- **Work request**: Extract exactly those lines that lie between the start of the material and the line with "Nikolaos kaltsogiannis tracker", including both boundary lines and no others.

- **Supplied data**:
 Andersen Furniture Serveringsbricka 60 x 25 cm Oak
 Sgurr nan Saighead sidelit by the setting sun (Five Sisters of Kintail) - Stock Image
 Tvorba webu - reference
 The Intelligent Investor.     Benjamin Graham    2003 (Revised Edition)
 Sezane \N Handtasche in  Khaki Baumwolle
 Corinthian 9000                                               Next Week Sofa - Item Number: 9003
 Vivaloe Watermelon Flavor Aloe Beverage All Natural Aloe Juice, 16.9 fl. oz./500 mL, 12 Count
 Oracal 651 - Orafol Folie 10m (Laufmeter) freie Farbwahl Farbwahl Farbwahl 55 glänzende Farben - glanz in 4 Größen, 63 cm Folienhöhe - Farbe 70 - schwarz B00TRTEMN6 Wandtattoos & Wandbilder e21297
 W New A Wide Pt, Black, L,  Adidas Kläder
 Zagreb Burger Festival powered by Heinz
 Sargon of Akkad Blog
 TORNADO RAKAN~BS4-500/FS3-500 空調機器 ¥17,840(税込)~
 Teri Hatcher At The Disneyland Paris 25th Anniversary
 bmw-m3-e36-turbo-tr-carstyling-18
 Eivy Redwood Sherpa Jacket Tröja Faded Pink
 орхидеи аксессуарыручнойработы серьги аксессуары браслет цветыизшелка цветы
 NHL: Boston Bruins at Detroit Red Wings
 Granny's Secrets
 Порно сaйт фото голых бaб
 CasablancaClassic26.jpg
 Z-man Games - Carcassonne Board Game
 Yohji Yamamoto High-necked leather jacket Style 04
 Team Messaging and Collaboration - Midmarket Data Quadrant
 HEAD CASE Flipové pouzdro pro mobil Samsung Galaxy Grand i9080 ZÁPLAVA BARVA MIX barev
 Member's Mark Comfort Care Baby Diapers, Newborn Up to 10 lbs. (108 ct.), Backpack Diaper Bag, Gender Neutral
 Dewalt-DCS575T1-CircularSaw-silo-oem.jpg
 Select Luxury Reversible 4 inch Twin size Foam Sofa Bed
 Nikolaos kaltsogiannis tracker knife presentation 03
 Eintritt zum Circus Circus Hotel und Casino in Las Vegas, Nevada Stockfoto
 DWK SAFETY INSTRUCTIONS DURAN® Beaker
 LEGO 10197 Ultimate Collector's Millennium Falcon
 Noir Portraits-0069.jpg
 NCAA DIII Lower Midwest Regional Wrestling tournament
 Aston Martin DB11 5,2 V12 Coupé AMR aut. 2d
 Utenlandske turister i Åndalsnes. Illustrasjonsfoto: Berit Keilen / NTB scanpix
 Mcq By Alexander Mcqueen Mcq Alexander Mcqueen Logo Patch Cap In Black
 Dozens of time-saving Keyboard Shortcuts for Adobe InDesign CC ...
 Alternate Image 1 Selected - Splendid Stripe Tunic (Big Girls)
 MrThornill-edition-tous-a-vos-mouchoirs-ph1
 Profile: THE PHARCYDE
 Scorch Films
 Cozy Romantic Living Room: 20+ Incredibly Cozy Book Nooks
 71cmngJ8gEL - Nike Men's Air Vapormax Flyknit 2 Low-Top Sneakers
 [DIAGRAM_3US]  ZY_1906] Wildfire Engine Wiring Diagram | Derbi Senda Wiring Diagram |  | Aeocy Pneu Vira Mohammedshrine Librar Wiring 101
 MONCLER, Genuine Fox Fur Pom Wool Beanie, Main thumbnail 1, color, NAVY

- **Exercise answer**:
 Andersen Furniture Serveringsbricka 60 x 25 cm Oak
 Sgurr nan Saighead sidelit by the setting sun (Five Sisters of Kintail) - Stock Image
 Tvorba webu - reference
 The Intelligent Investor.     Benjamin Graham    2003 (Revised Edition)
 Sezane \N Handtasche in  Khaki Baumwolle
 Corinthian 9000                                               Next Week Sofa - Item Number: 9003
 Vivaloe Watermelon Flavor Aloe Beverage All Natural Aloe Juice, 16.9 fl. oz./500 mL, 12 Count
 Oracal 651 - Orafol Folie 10m (Laufmeter) freie Farbwahl Farbwahl Farbwahl 55 glänzende Farben - glanz in 4 Größen, 63 cm Folienhöhe - Farbe 70 - schwarz B00TRTEMN6 Wandtattoos & Wandbilder e21297
 W New A Wide Pt, Black, L,  Adidas Kläder
 Zagreb Burger Festival powered by Heinz
 Sargon of Akkad Blog
 TORNADO RAKAN~BS4-500/FS3-500 空調機器 ¥17,840(税込)~
 Teri Hatcher At The Disneyland Paris 25th Anniversary
 bmw-m3-e36-turbo-tr-carstyling-18
 Eivy Redwood Sherpa Jacket Tröja Faded Pink
 орхидеи аксессуарыручнойработы серьги аксессуары браслет цветыизшелка цветы
 NHL: Boston Bruins at Detroit Red Wings
 Granny's Secrets
 Порно сaйт фото голых бaб
 CasablancaClassic26.jpg
 Z-man Games - Carcassonne Board Game
 Yohji Yamamoto High-necked leather jacket Style 04
 Team Messaging and Collaboration - Midmarket Data Quadrant
 HEAD CASE Flipové pouzdro pro mobil Samsung Galaxy Grand i9080 ZÁPLAVA BARVA MIX barev
 Member's Mark Comfort Care Baby Diapers, Newborn Up to 10 lbs. (108 ct.), Backpack Diaper Bag, Gender Neutral
 Dewalt-DCS575T1-CircularSaw-silo-oem.jpg
 Select Luxury Reversible 4 inch Twin size Foam Sofa Bed
 Nikolaos kaltsogiannis tracker knife presentation 03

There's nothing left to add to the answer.